=== Data excerpts ===
......
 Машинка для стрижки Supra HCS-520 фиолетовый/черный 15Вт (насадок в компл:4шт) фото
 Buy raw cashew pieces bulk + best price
......
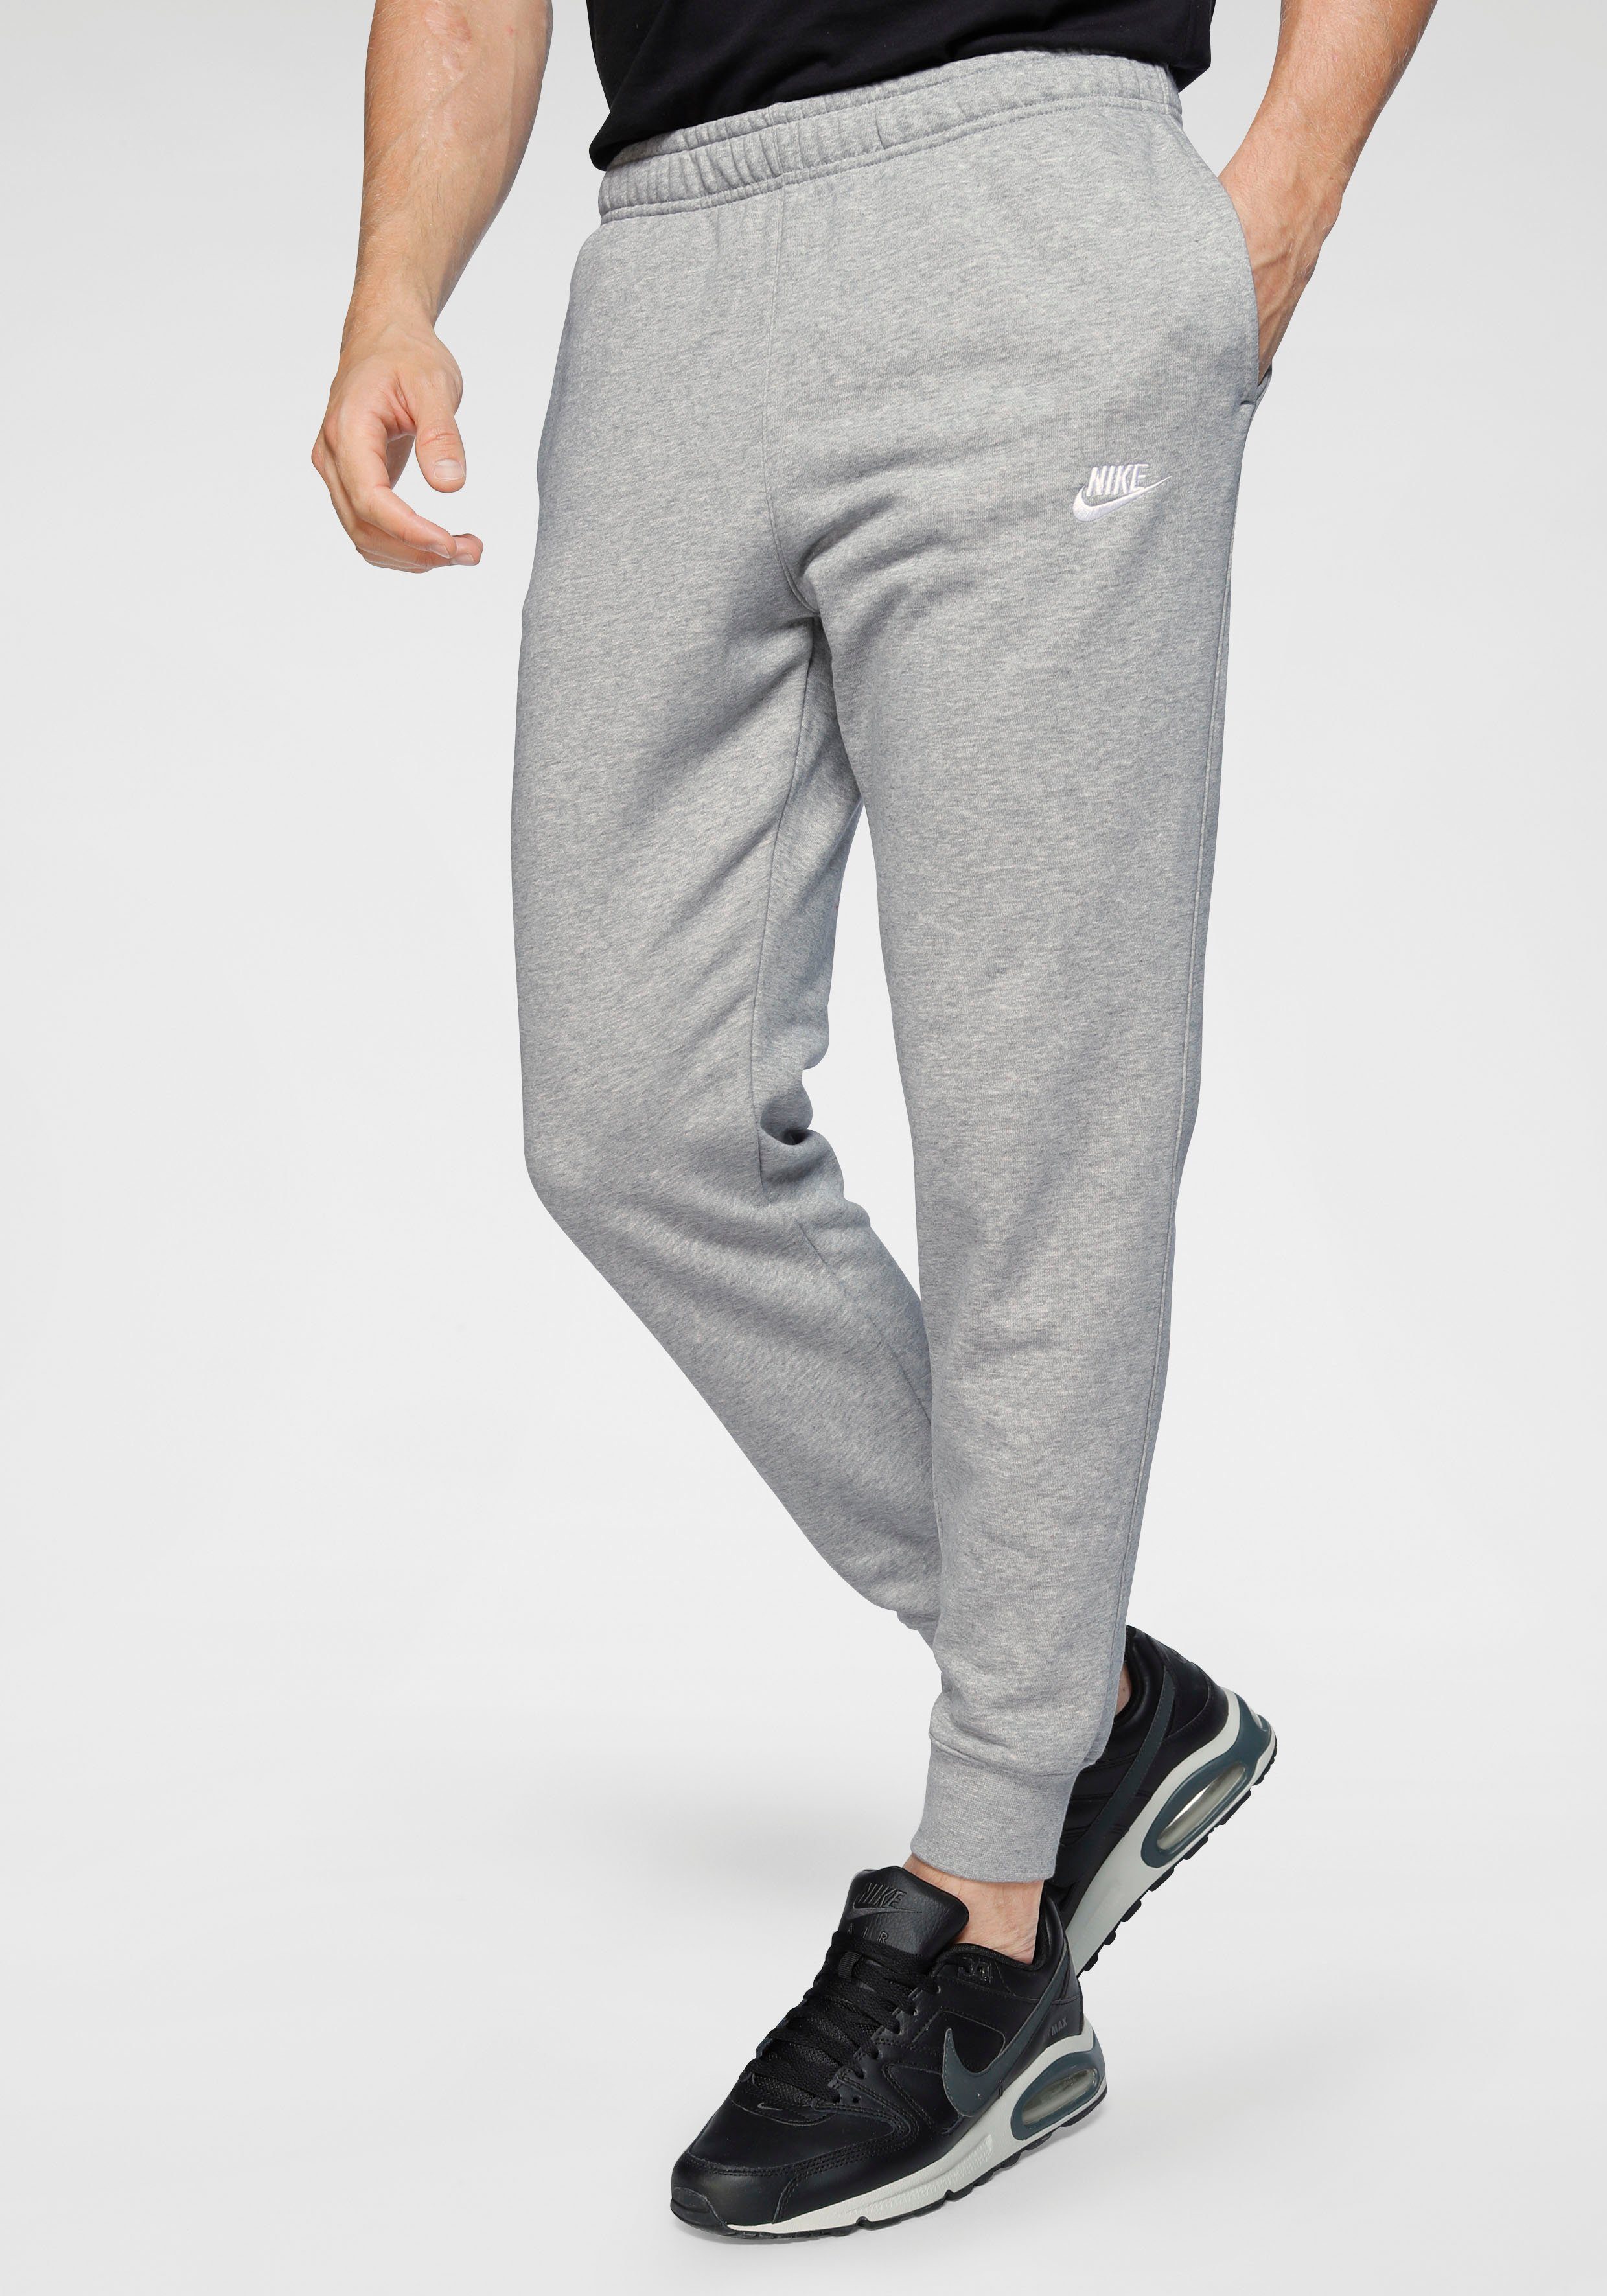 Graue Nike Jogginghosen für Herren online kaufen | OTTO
......
=== Task details ===
Within the material above, the line with "Машинка для стрижки" opens the range and the line with "Buy raw cashew pieces bulk + best price" closes it; reproduce that range word for word.

=== Exercise result ===
 Машинка для стрижки Supra HCS-520 фиолетовый/черный 15Вт (насадок в компл:4шт) фото
 Buy raw cashew pieces bulk + best price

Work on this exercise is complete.